要說把瓶子錘了再打一次,那是吃飽了撐的,沒人這麼幹。
問話嘛……其實別的沒甚麼好問的,最在意的冥華玉晶,已經看見了……
就在流蘇手上,抱著不肯放呢。
冥華玉晶是替代靈臺用的,不是塑造身軀。這惡靈和混沌有身軀,必定是藉助其他寶物塑造的,鯤鵬遺址和幽皇宗裡好東西多了去了,找點塑身寶物不稀奇。
當身軀被流蘇的次元斬整個破壞,身軀崩毀,冥華玉晶卻被流蘇小心翼翼地避開沒毀,隨著身軀炸開而掉落。
真正的“殺BOSS掉落寶物”,很真實。
只是裡面曾經住過惡靈,不知道棒棒會不會有點潔癖,要拿甚麼洗幾遍……那是另一回事了。
看棒棒抱著冥華玉晶不放的樣子,大家最重要的目標算是達成了,說來是沒甚麼好不爽的。秦弈也就只剩一個問題問那惡靈:“你到底是誰的惡念?”
惡靈在瓶子裡桀桀地笑:“我若說是你自己的,你信不信?”
秦弈差點就想砸了瓶子弄死他。
卻聽惡靈悠悠道:“本座會天樞之法,會永珍之功,會巫神之術。本來就是諸多修士的雜念揉合,因忘川而聚,豈止一人所成?你便是搜魂索魄,也就是這個答案。”
秦弈怔了怔,皺起了眉頭。
這個答案有些意外,卻也不是沒有道理。
他知道幽冥本就屬於主位面的暗面概念,“陰間”的原意如此,誕生各類魔物鬼類的根本之源,所以幽冥整合的時候各地魔物都隨之牽引而生。
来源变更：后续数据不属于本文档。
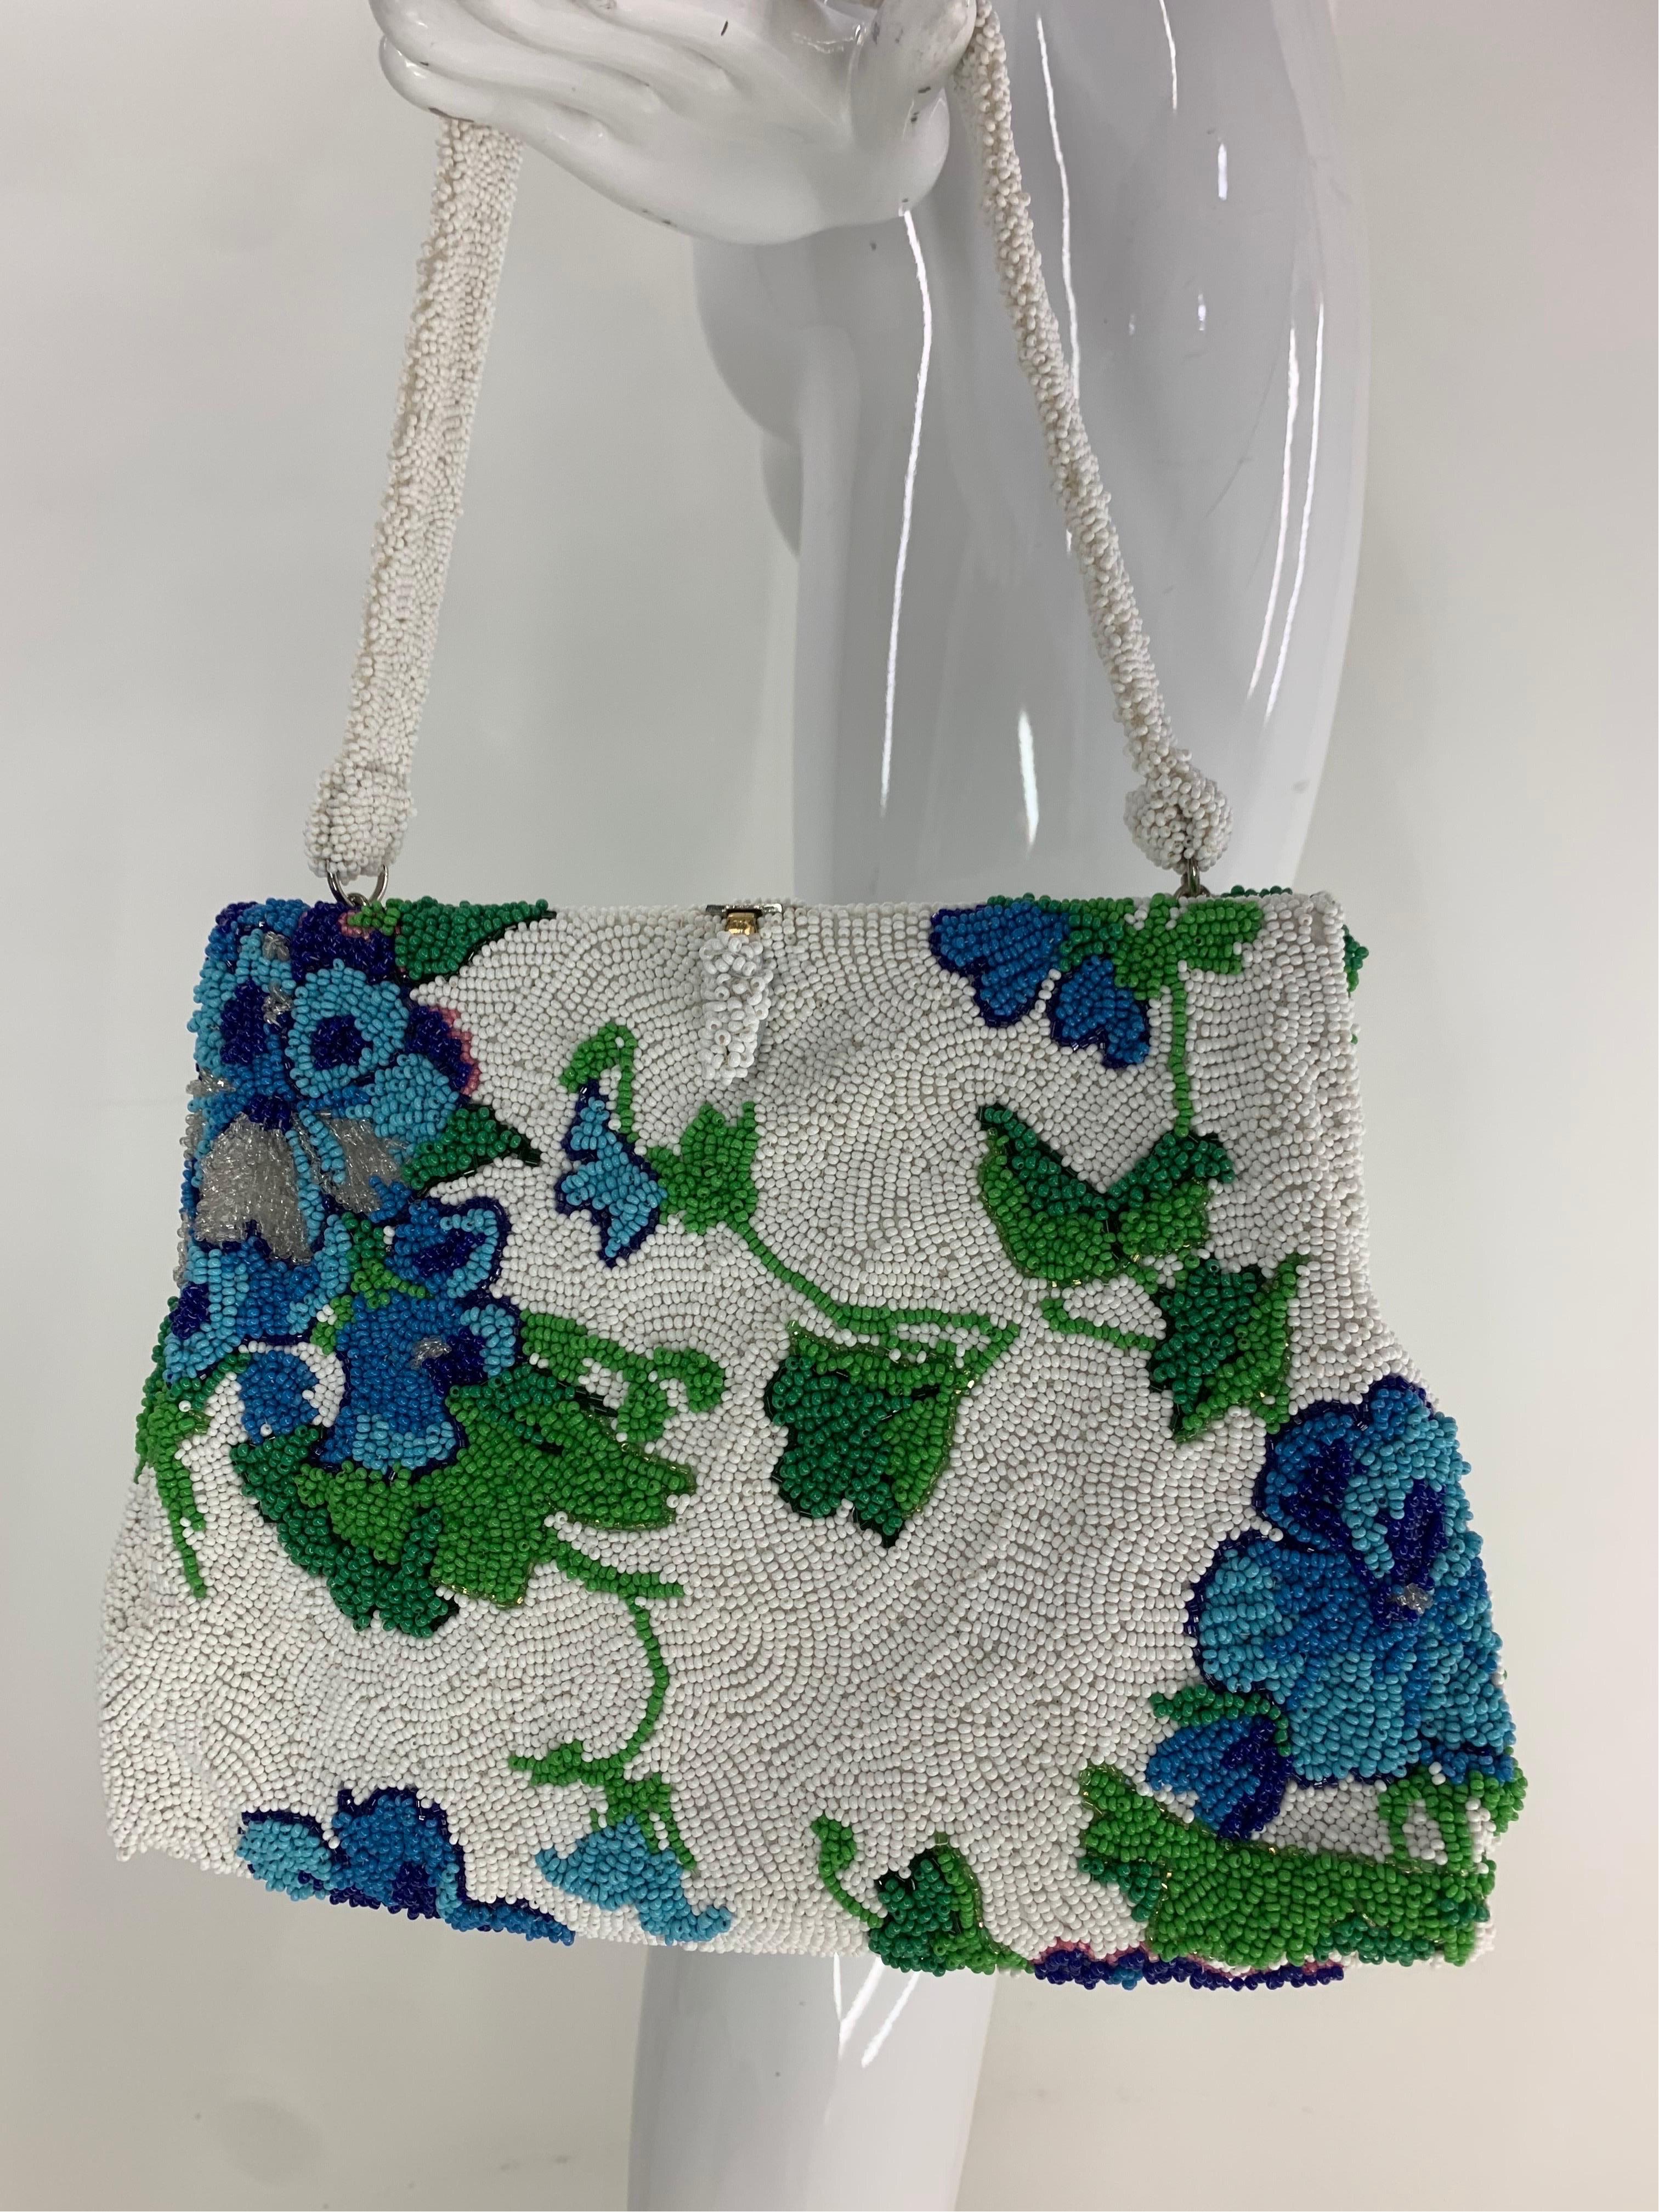 1950 Koret Tresor Stunning Floral Beaded Handtasche in Grün & Blau auf weißem Hintergrund. Absolut charmant und eine sehr funktionale Größe Handtasche von einem der höchsten Qualität Hersteller der Zeit.

當幽冥崩潰之後,人間惡念無處可去,全部聚在陽間,感到了忘川之意,於是匯聚成靈。
也就是悲願說的,本來是放逐自己惡念的地方,卻造成了更糟糕的結果。
忘川根本不應該在主位面出現,本就該歸於幽冥。
當然他並沒有被這麼一說就相信,還真的動用了搜魂術。
搜魂的結果:雜合之靈。
無誤。
既是人間高階修士們的惡念自發凝聚而成的惡靈,會各家流派的術法並不稀奇,而且這種玩意,好像歸於天樞神闕鎮壓封印也非常合理。
秦弈隱隱還是覺得甚麼不對,可左思右想確實好像還真沒啥好說的了。有點不舒服的感覺多半還是源於不是自己親手了結因果的彆扭感吧,但人家光風霽月連瓶子都丟給你了,還糾纏這個有意思麼?
算了。
人家也是天下第一人,和你和顏悅色說這麼多,還非要找個話來和人衝突也沒意義。
秦弈甩手把瓶子丟了回去,正色道:“望真人善加看管。這忘川我們會挪走,從此不會再有此事發生。”
鶴悼眼裡倒是有些笑意:“小友是俠士,在乎的是將來還有沒有此事。”
秦弈沒說話,拱了拱手。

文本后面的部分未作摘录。